This note covers the collection types available for on-chain state, when to use each and the tradeoffs.

Docs: Ledger ADT Examples: 09.01 ADTs · 09.02 Merkle Trees · 09.03 Kernel


Intuition First

Ledger ADTs are the data structures you use for on-chain state. They’re not like in-memory data structures in TypeScript, they’re persistent, on-chain, and their operations produce verifiable state transitions.

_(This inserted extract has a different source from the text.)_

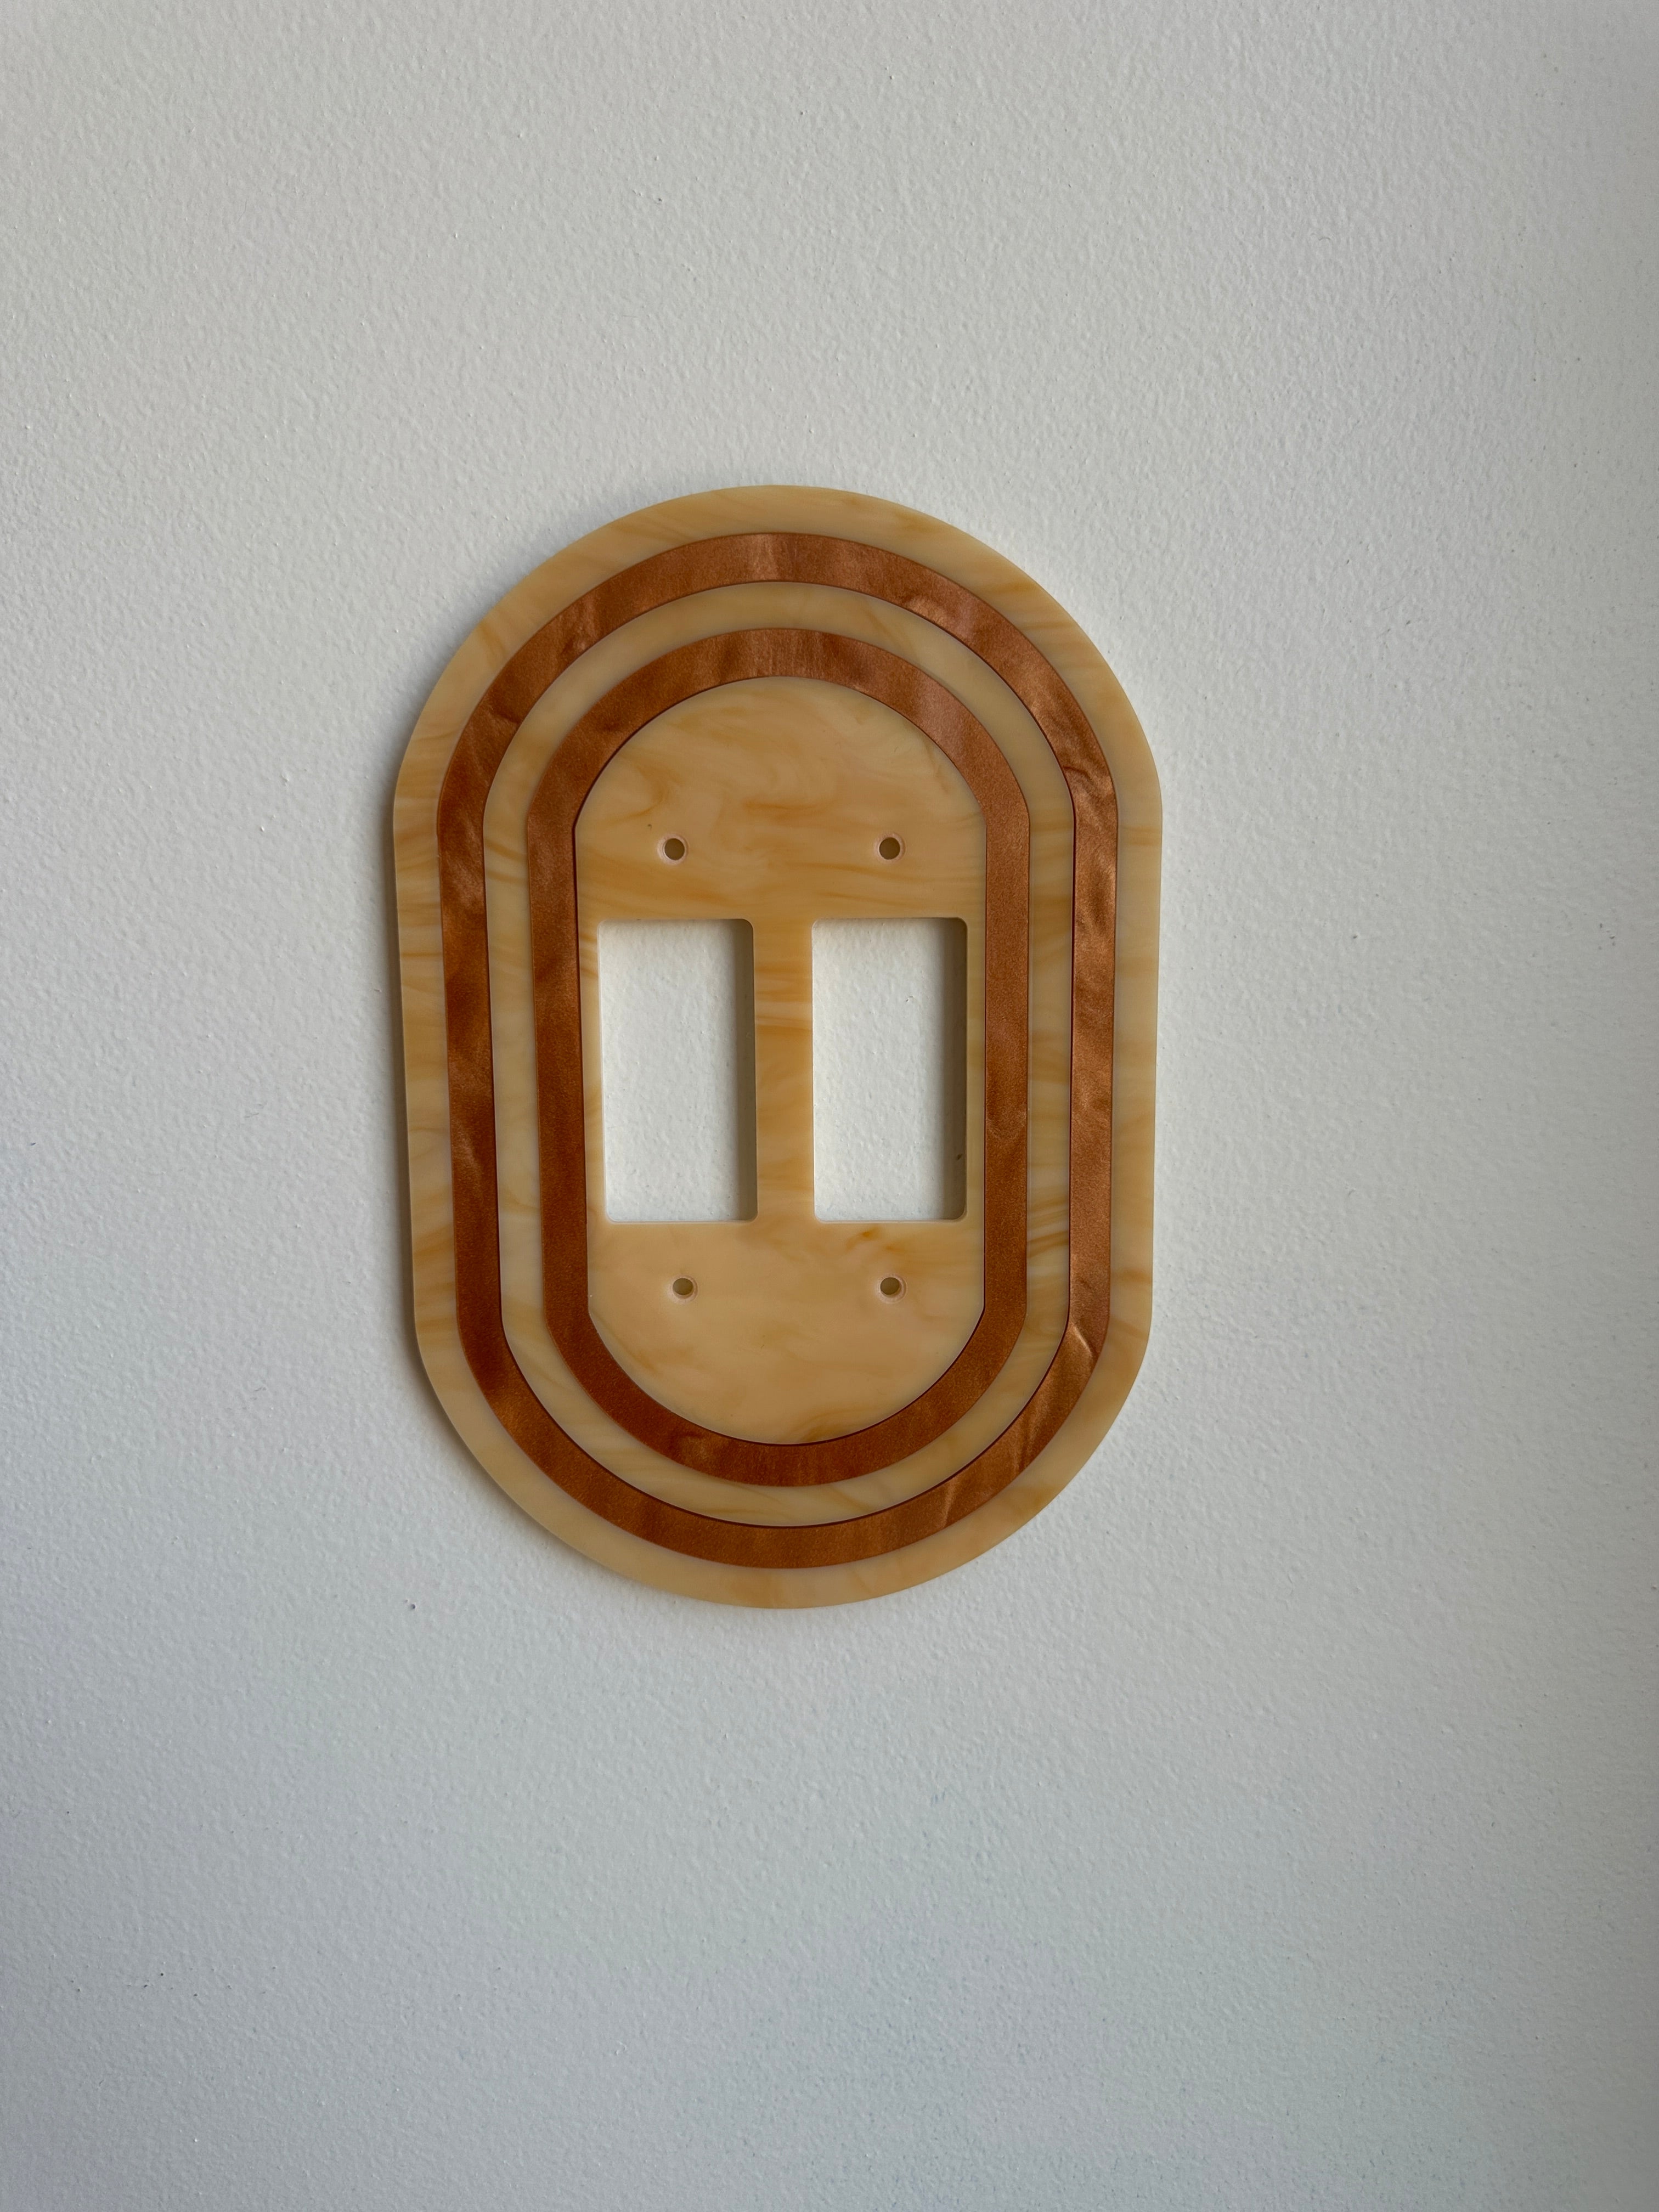 Acoustic Wave Layered Portal Light Switch Sample Sale

Each type optimizes for a specific access pattern:

  • Counter, Low-contention atomic counters
  • Set, Membership tracking
  • Map, Key-value storage
  • List, Ordered queue
  • MerkleTree, Membership proofs with a single root
  • HistoricMerkleTree, Membership proofs across time

The choice matters because the on-chain representation affects what your circuits can prove.


Counter

A simple unsigned counter. The key advantage over Cell<Uint<64>> is that Counter does not read the current value when incrementing, so transactions are less likely to be rejected due to contention.

ledger votes: Counter;

export circuit vote(): [] {
  votes += 1;
}

export circuit retract(): [] {
  votes -= 1;
}

export circuit getVotes(): Uint<64> {
  return votes;
}

Operations:

OperationSyntaxWhat it does
Incrementfield += nAdd n, no read required
Decrementfield -= nSubtract n, errors if negative
ReadfieldReturns as Uint<64>
Comparefield.lessThan(n)Returns Boolean

Why low contention? A normal Uint<64> read-modify-write has three steps: read the value, add one, write back. Under concurrent calls, two transactions might read the same value and both write the same new value. Counter combines these steps atomically.


Cell (Plain Types)

When you declare ledger f: T without a collection type, it’s implicitly a Cell<T>. Read and write operations use shorthand.

ledger owner: Bytes<32>;

export circuit setOwner(addr: Bytes<32>): [] {
  owner = disclose(addr);  // shorthand for owner.write(...)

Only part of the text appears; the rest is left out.